B A H A R
3 Mart 2010
Çarşamba
Vilisri, AvaryaSonunda ısınabileceğini bildiğinde üşümek güzeldi. Bundan dolayı Bahar, Buğra'nın elini tutarak kumsalda yürürken denizden esip gelen ve incecik tişörtünü yelken gibi şişiren rüzgâra aldırış etmiyordu. Tenhalaştıran soğuk havaları, kendisiyle ya da sevdikleriyle baş başa olmanın sükunetine erişebildiğinden dolayı seviyordu. Hiçbir şey düşünmeden ve yalnızca hissederek yürüyordu.

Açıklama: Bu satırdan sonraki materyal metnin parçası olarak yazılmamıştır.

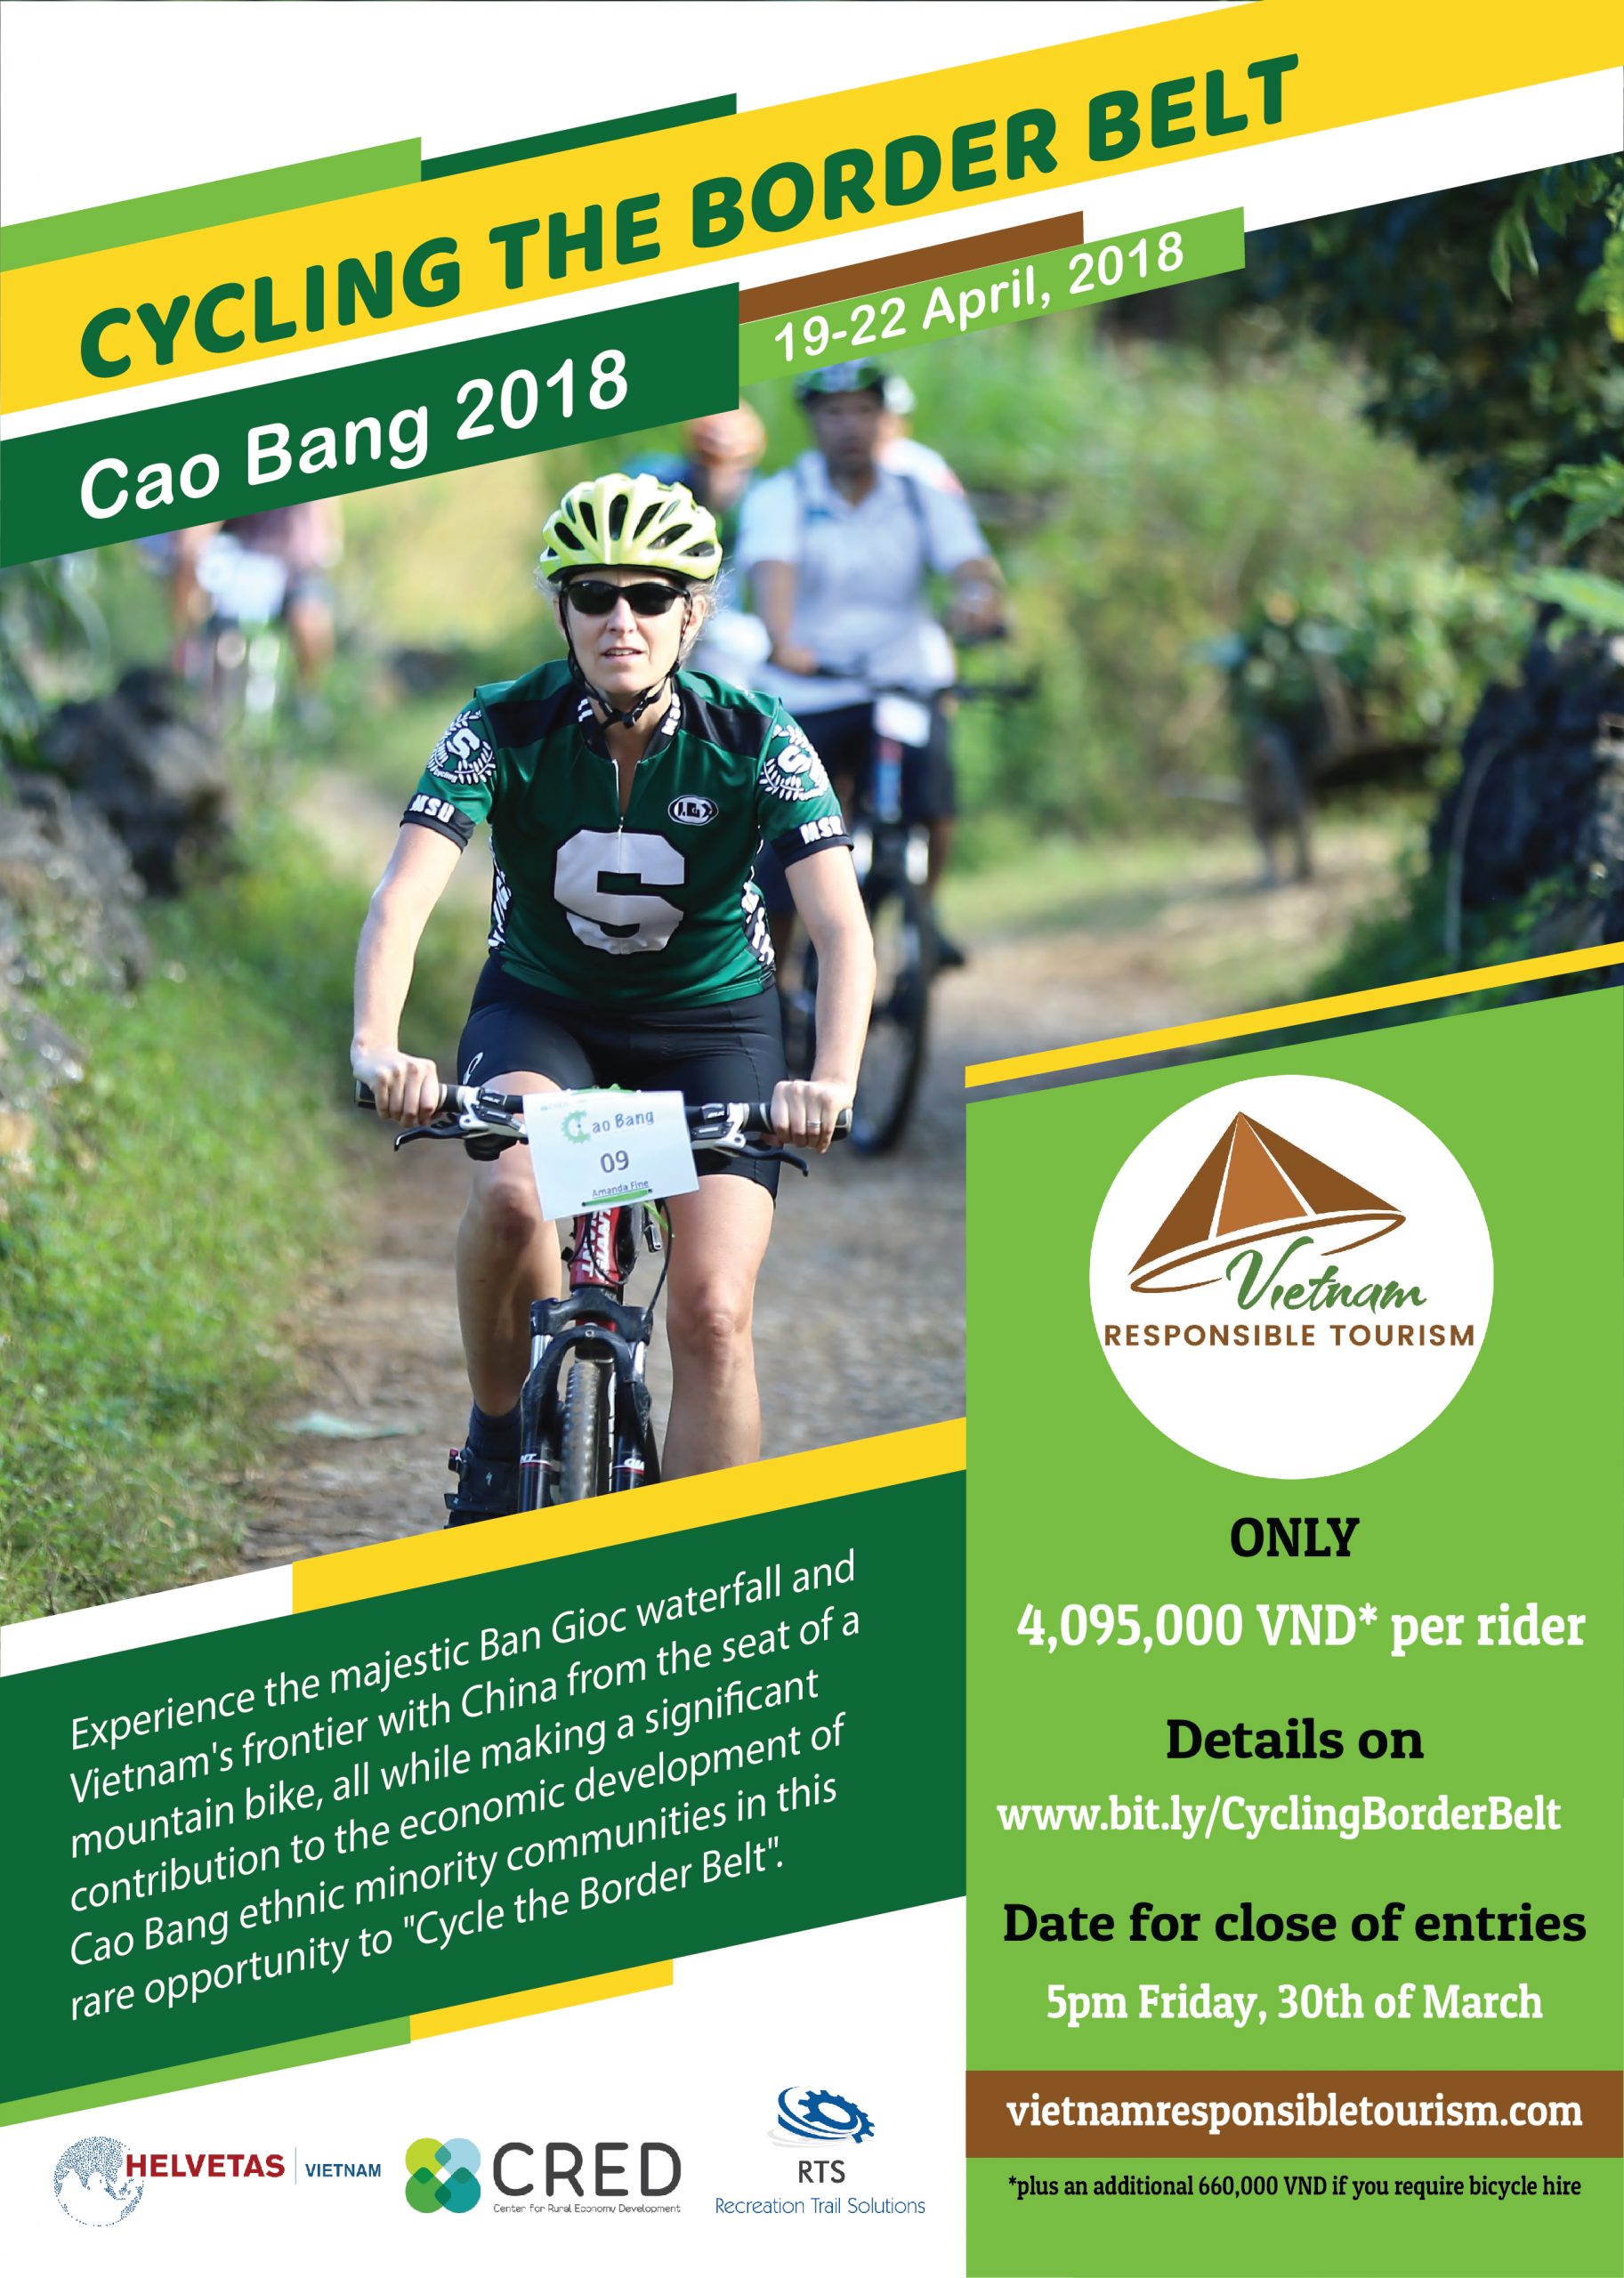 Cycling the Border Belt Cao Bang 2018
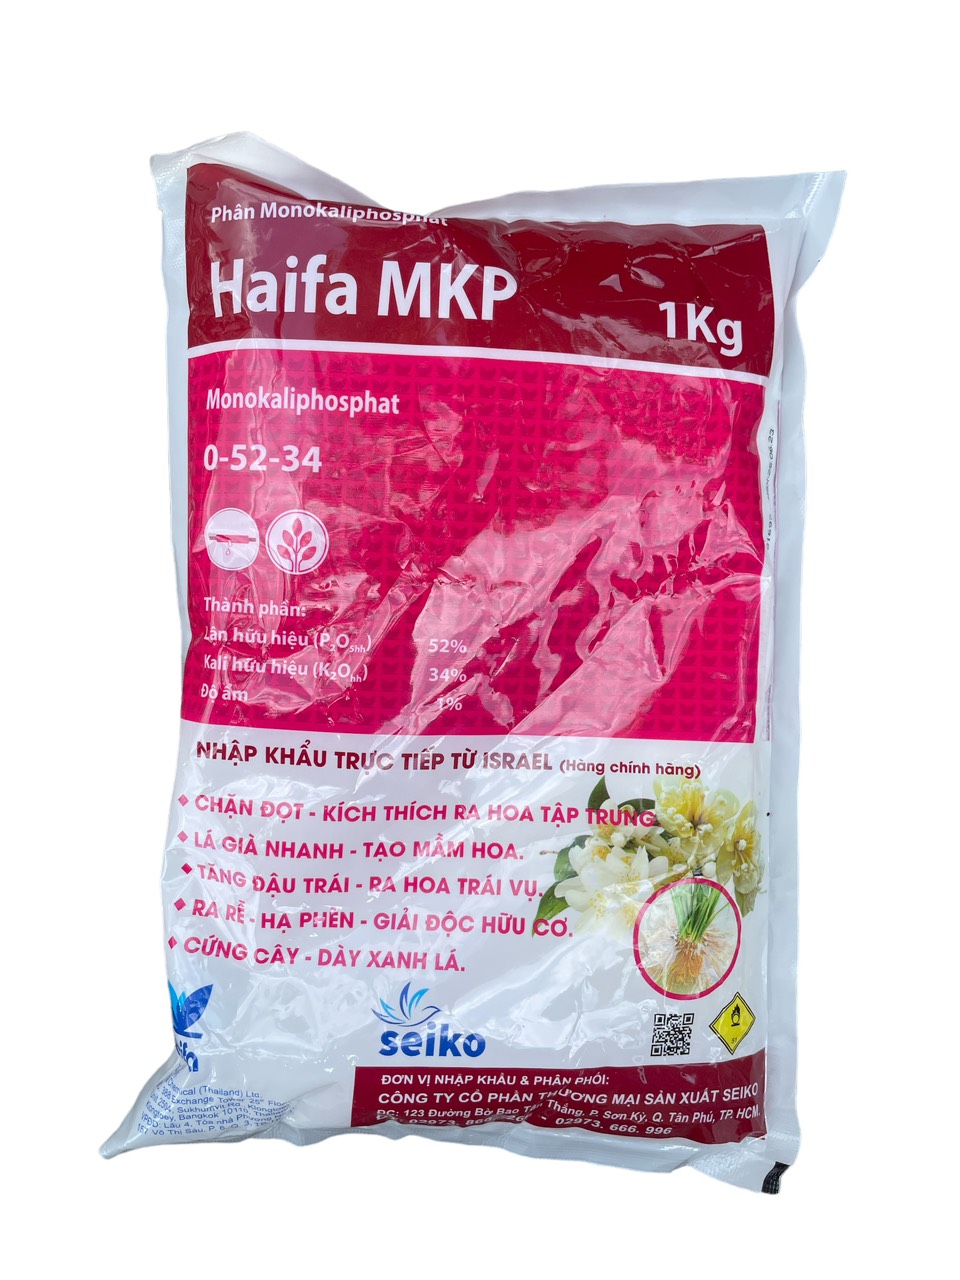 Phân bón tạo mầm hoa Haifa MPK 0-52-34 gói 1kg

Vilisri'nin böyle bir etkisi vardı. İnsanı düşünceler ve hesapla hareket eden matematiksel bir canlı olmaktan çıkarıp duygularının rüzgârına kapılan, soyut imgeler birliğine dönüştürüyordu. Değilse henüz iki sene önceki en sıcak mevsimde Bahar'ın denizin içinde bağıra çağıra Murat Sındırlı'dan hesap sorması pek akıl alır değildi.
Denizde yüzerken fazla açılmış ve özel bir koyda tesadüfen Murat ve Sema'yı görmüştü. Gözlerinin onu yanıltmadığından emin olmak için kulaç atmayı bırakıp kurbağalama yüzmeye geçmiş ve yaşlı çifti kesin olarak tanıdığında kafasını suya gömüp ayaklarını hızla çırpmaya başlamıştı. Kıyıya yaklaştığında adamın önüne birden çıkmış, omuzlarından tutarak dengeye gelmiş ve avazı çıktığı kadar "Neden beni öldürmüyorsun?" diye bağırmıştı.
"N'oluyor be?" diye bağırarak cevap vermişti, bir metre öteden Sema. "Kimsin sen manyak?"
"Hop! Kimsin ve derdin ne? Çözeriz." diyen Murat daha sakindi.
"Kim miyim?" demişti kız, nefes nefese. "Tanımıyorsun, öyle mi? Üç yıl önce zehirlettiğin Bahar Larende'yi tanımıyorsun."
"Defol!" diye bağıran eşini susturmak da devrik lidere düşmüştü. Ardından kıza "Burnuna deniz suyu mu kaçtı senin?" demişti ve civardaki dağları göstermişti. "Ne güzel mis gibi yeşillik, mavilik, doğa... Tadını çıkar. Kaç sene oldu? Üç mü?"
"Ne fark eder? Beni öldürmek istemiyor muydun? Karşındayım işte."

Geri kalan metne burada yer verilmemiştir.